┌─ Data

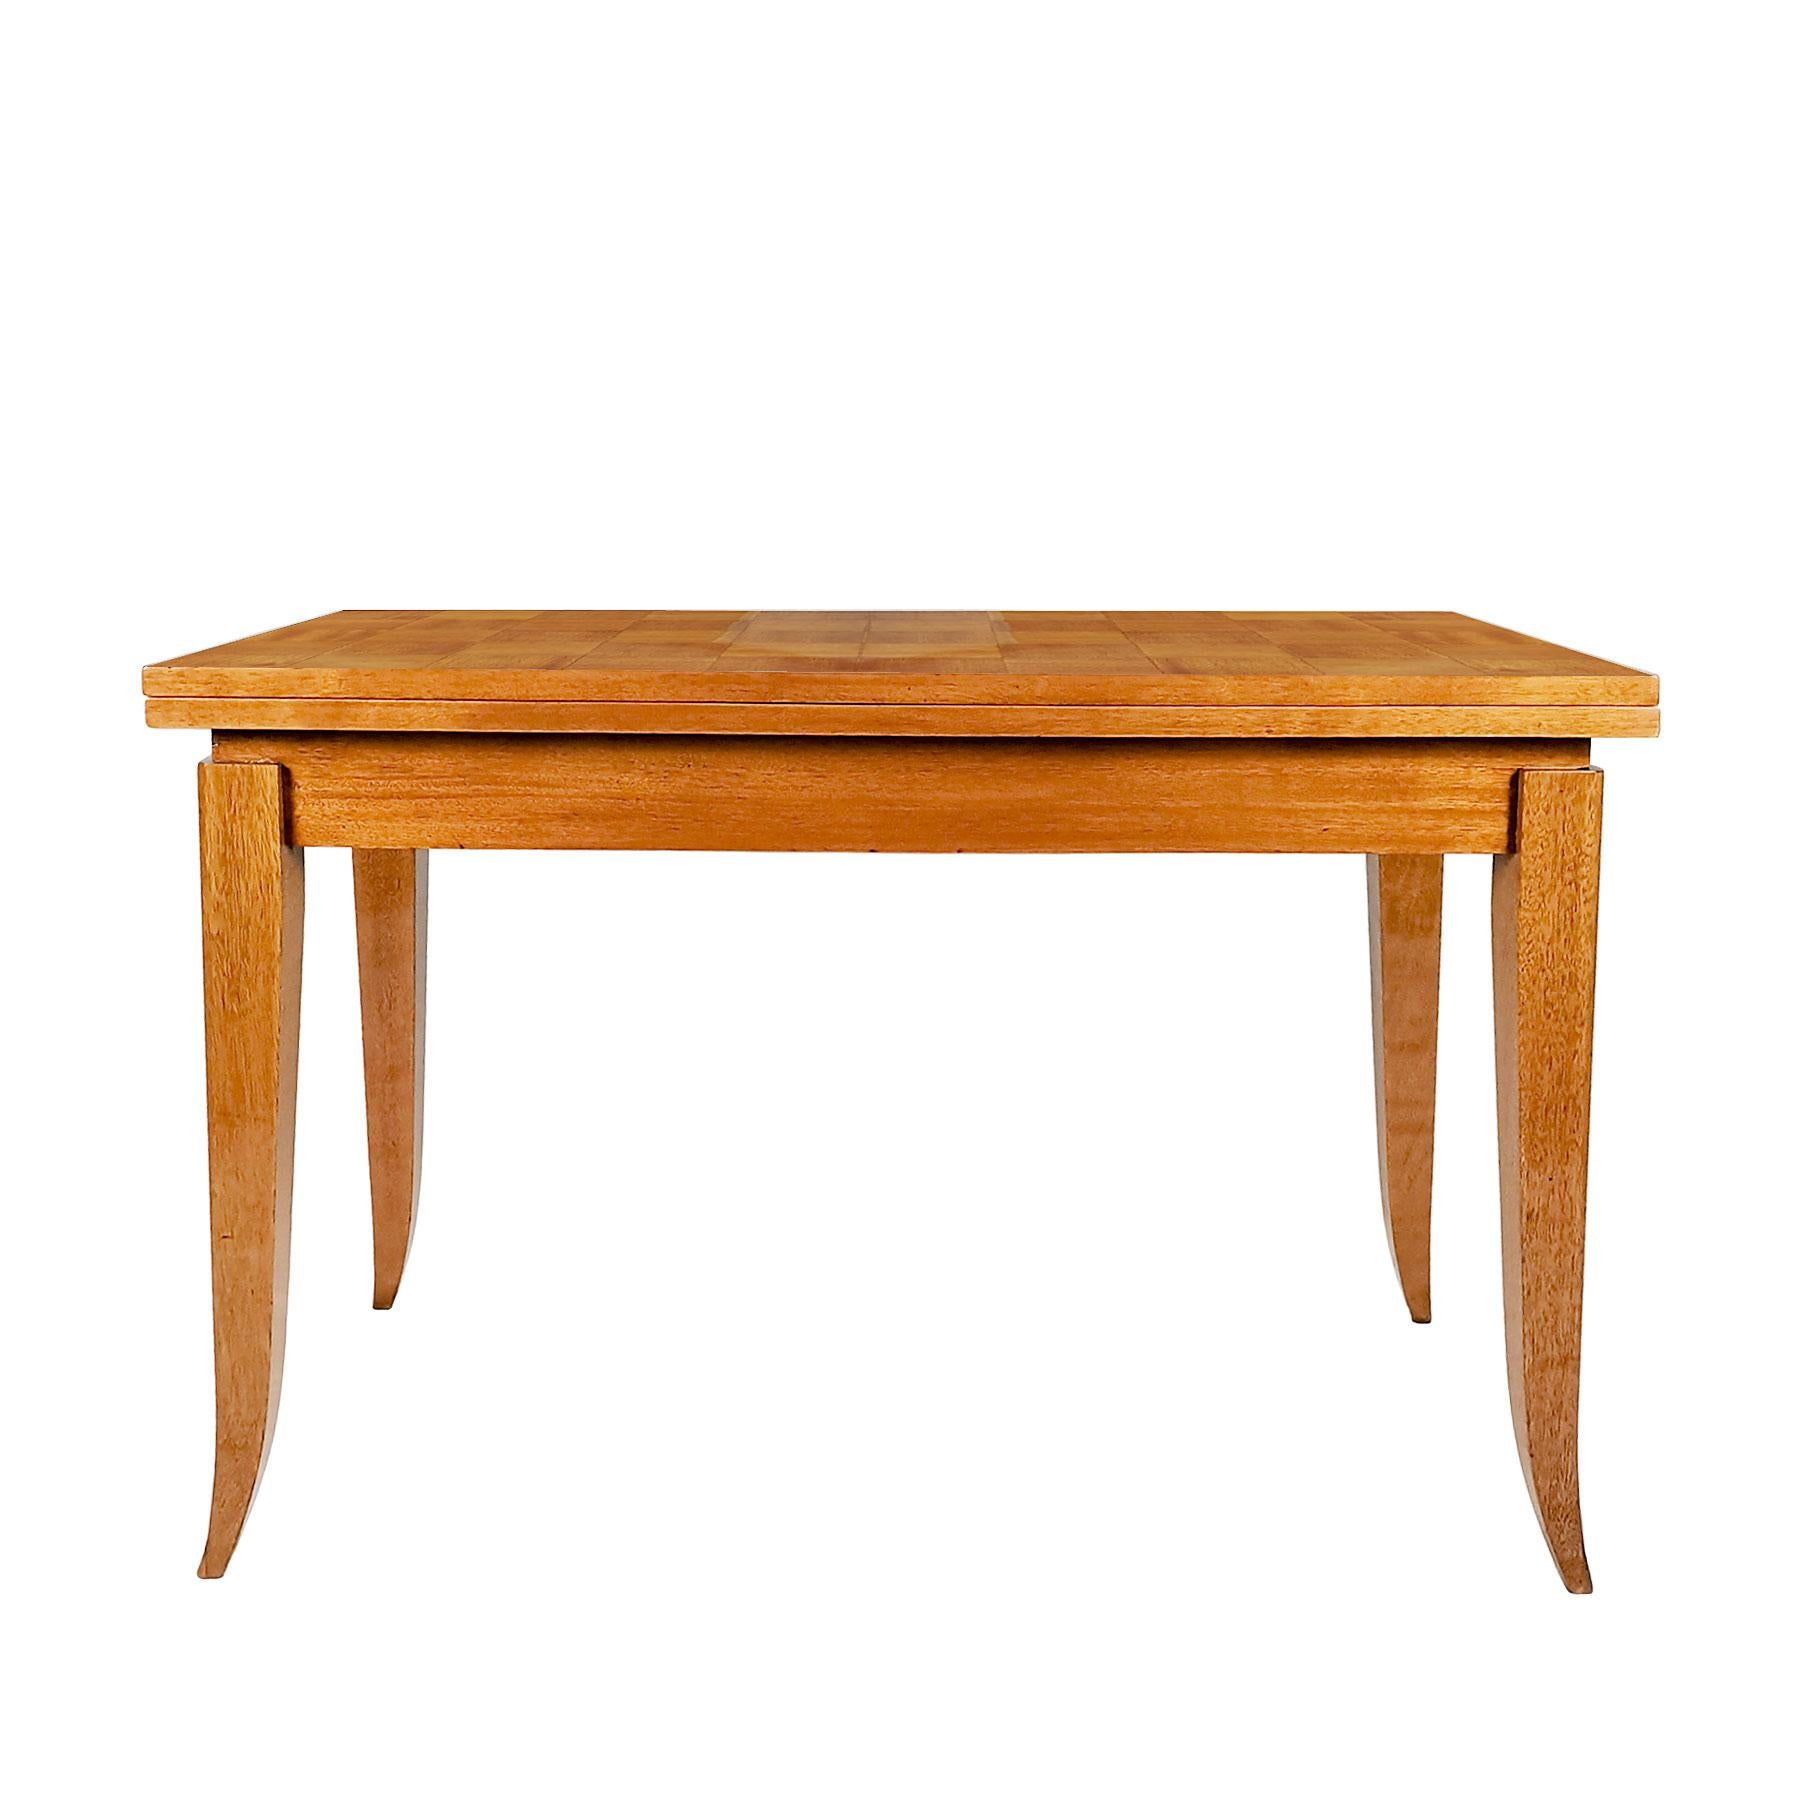 Game table, solid light mahogany base with a double flap top, with a light mahogany parquet veneer, French polish. Polished brass hardware.
France, circa 1940

Measurement open: 110 x 110 x 73 cm.
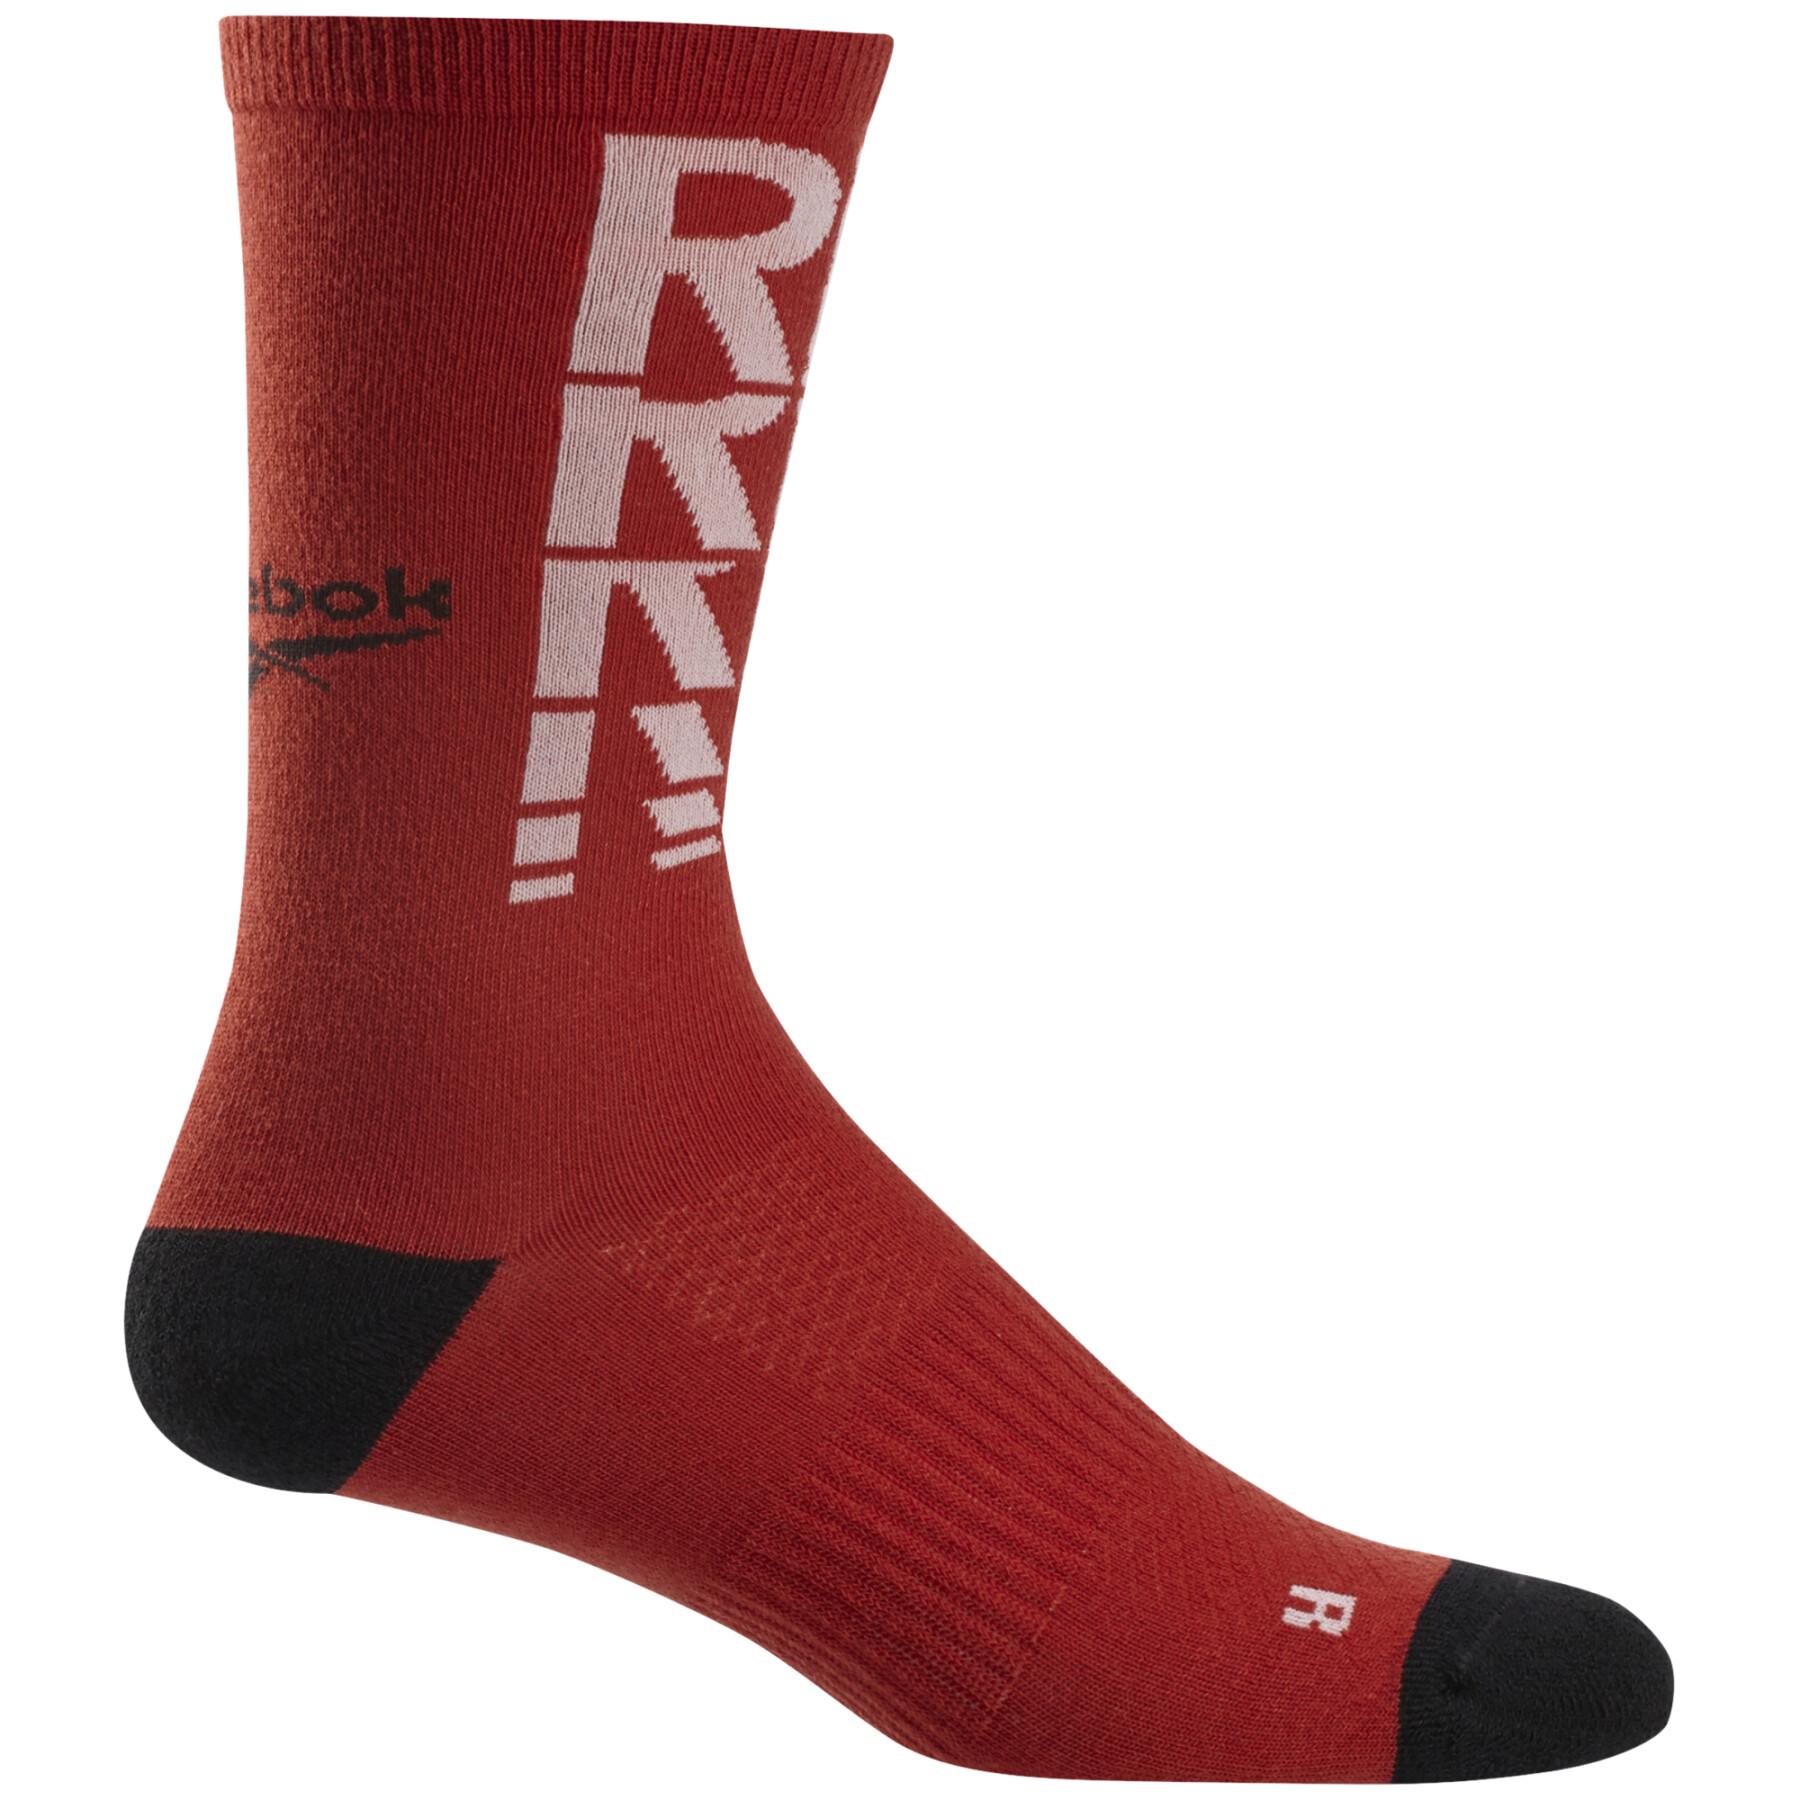 Chaussettes Reebok One Series Training

└─

Goal of the exercise: If pictures appear in the data, do not print them; repeat the rest exactly.

Finished exercise:
 Game table, solid light mahogany base with a double flap top, with a light mahogany parquet veneer, French polish. Polished brass hardware.
France, circa 1940

Measurement open: 110 x 110 x 73 cm.
 Chaussettes Reebok One Series Training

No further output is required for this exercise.